→ ASSIGNED TASK
None of the images should appear in your copy. Transcribe the data in full.

→ COLLECTED DATA
☆ ☆ ☆ ☆ ☆ ☆ ☆

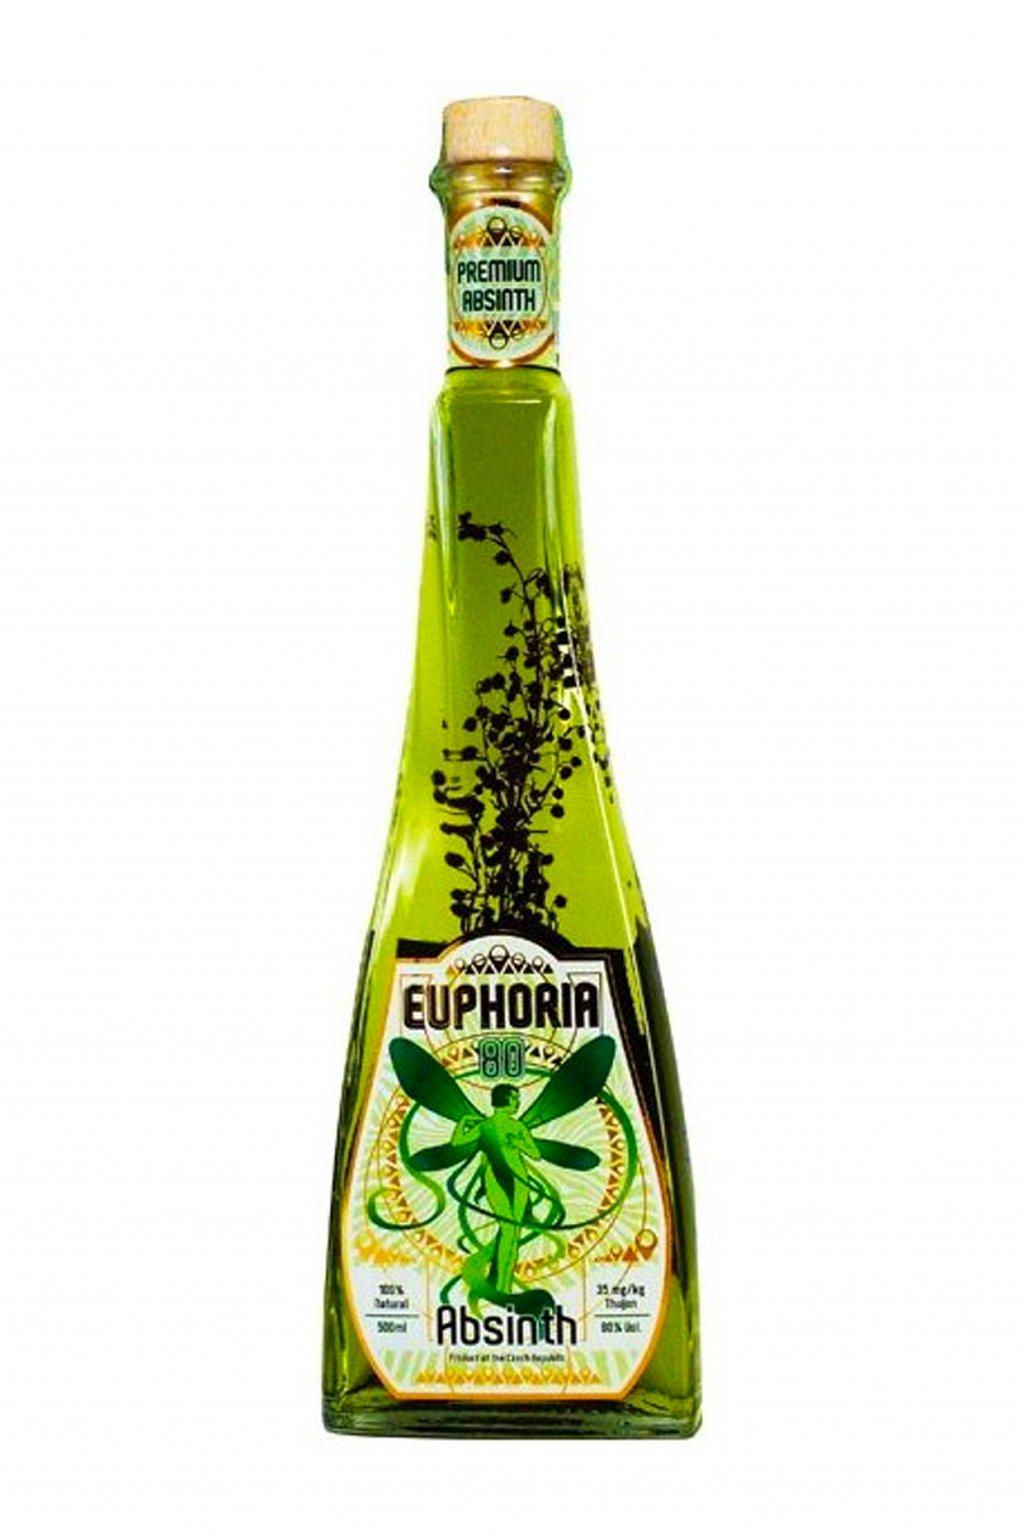 Absinth Euphoria
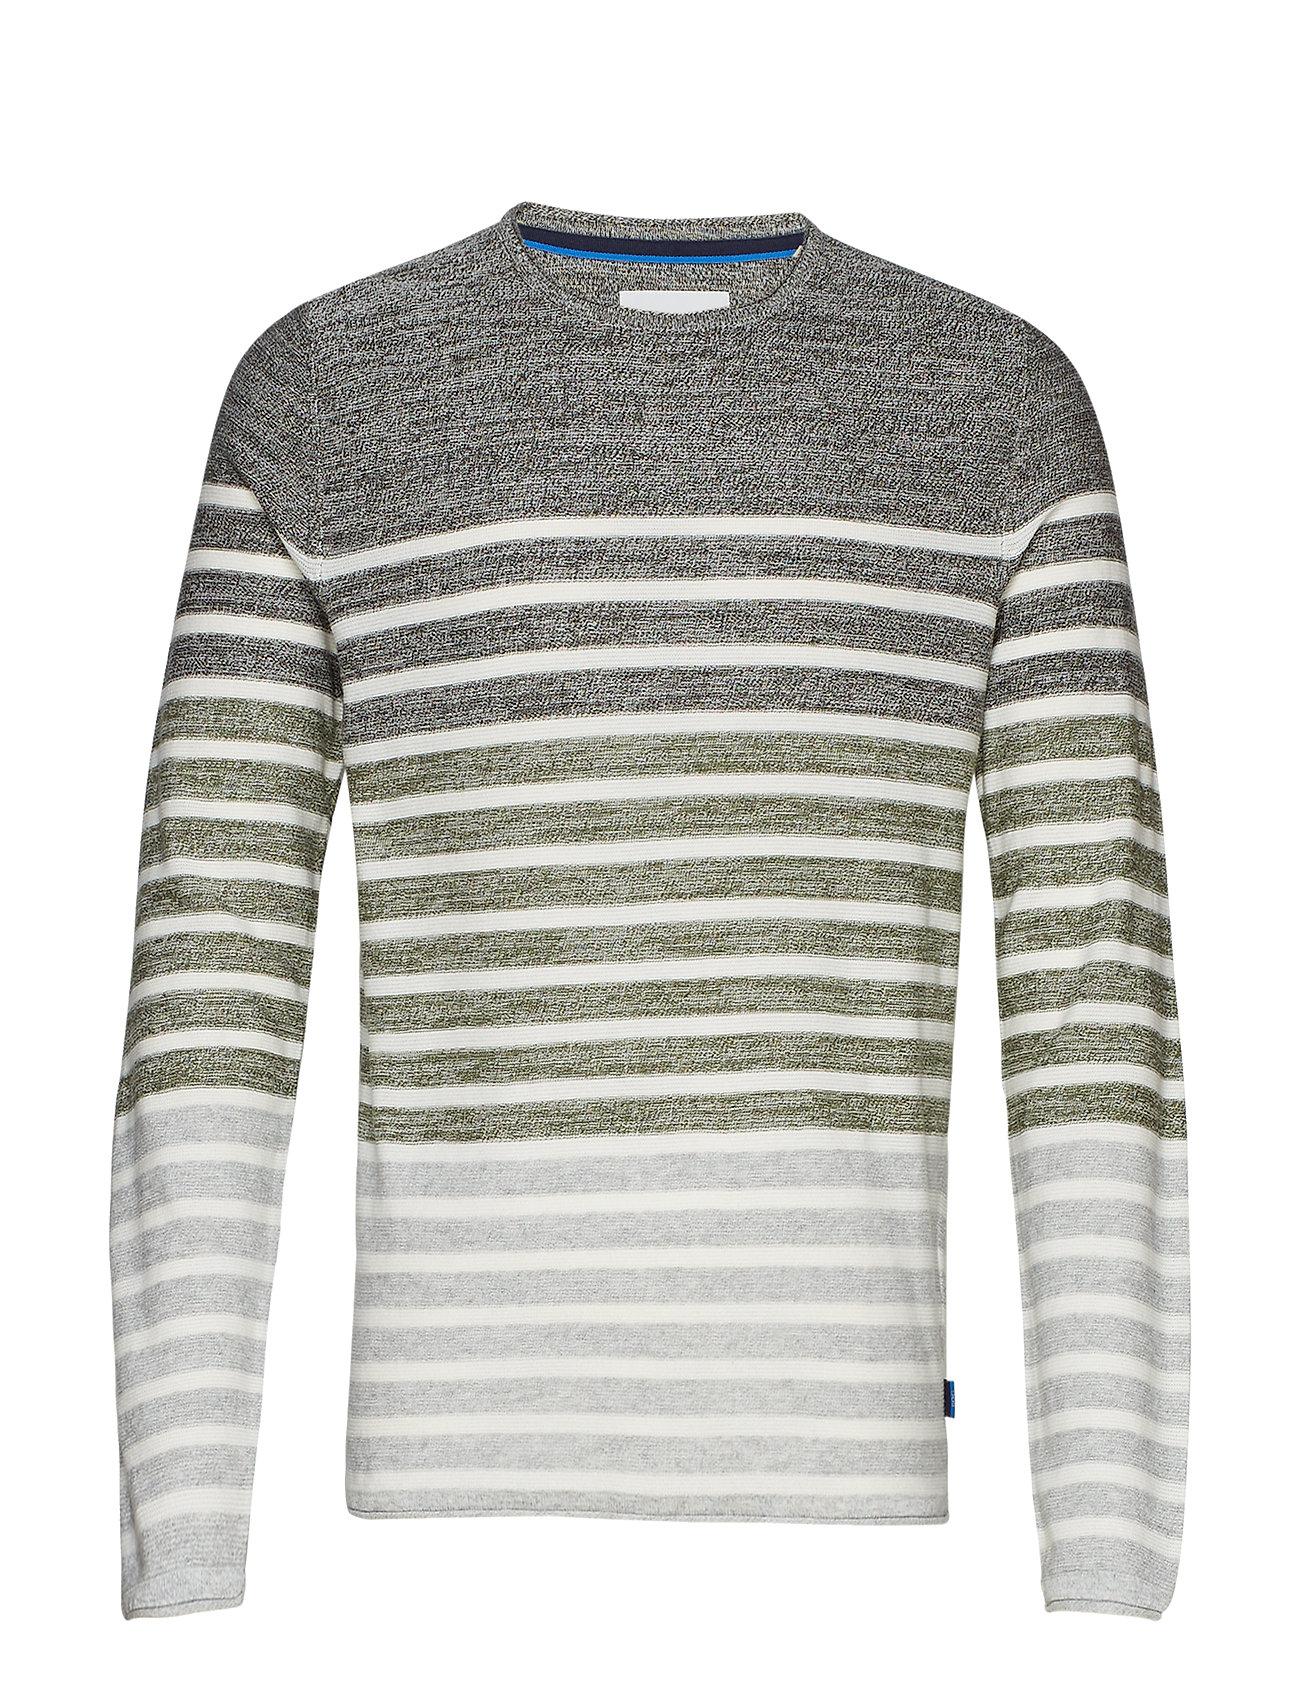 EDC by Esprit Sweaters - KHAKI GREEN
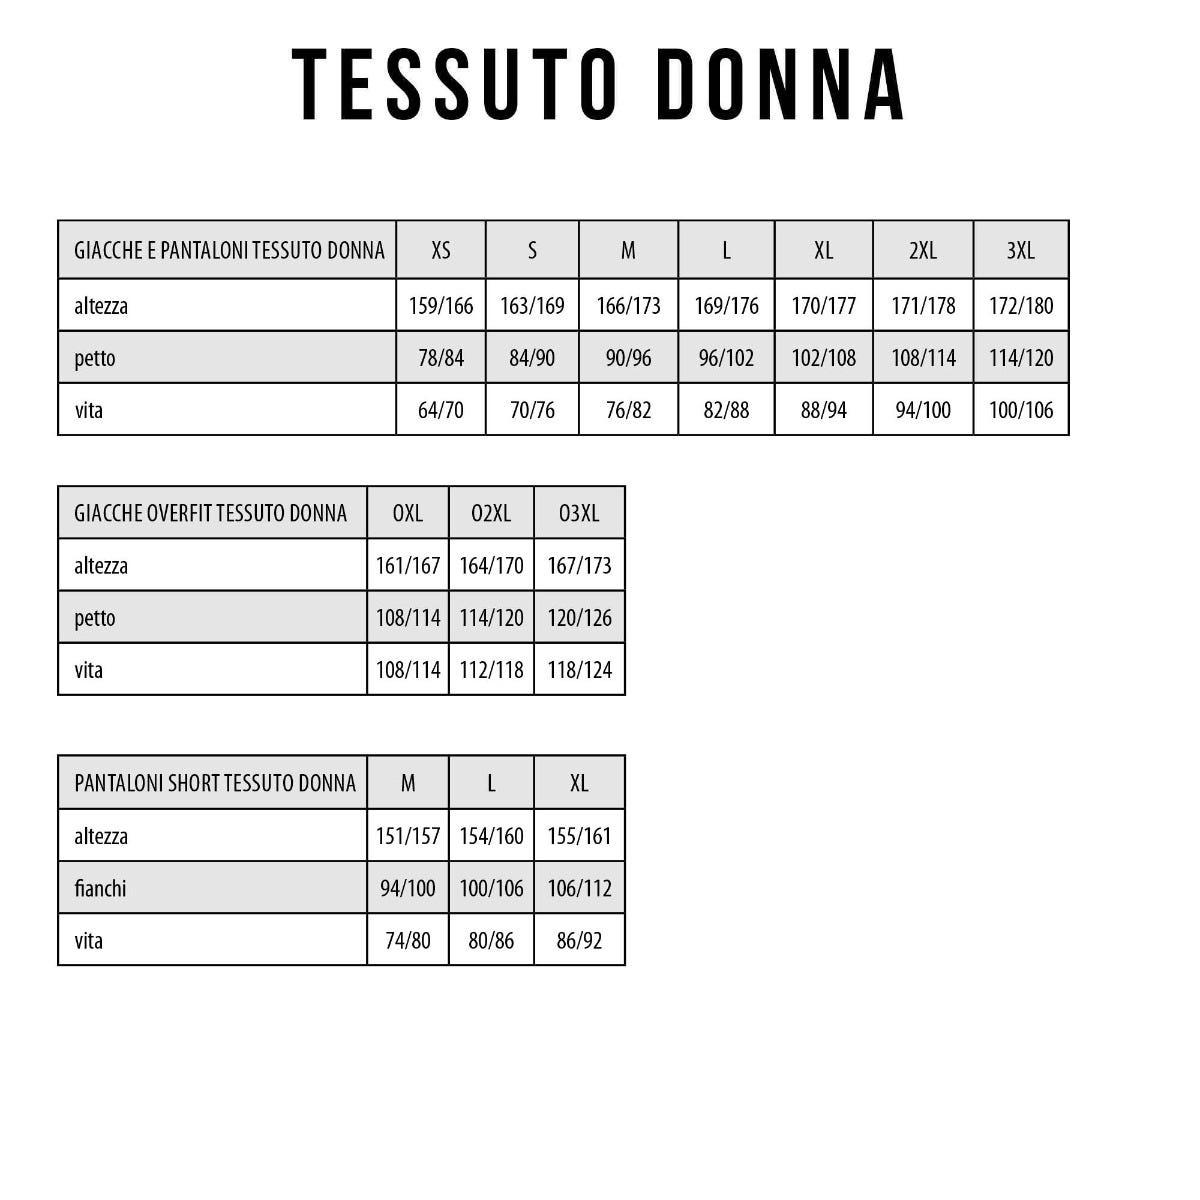 ns-marchi_donna_tex_it_09-21

☆ ☆ ☆ ☆ ☆ ☆ ☆

→ SOLUTION FOR THIS TASK
 Absinth Euphoria
 EDC by Esprit Sweaters - KHAKI GREEN
 ns-marchi_donna_tex_it_09-21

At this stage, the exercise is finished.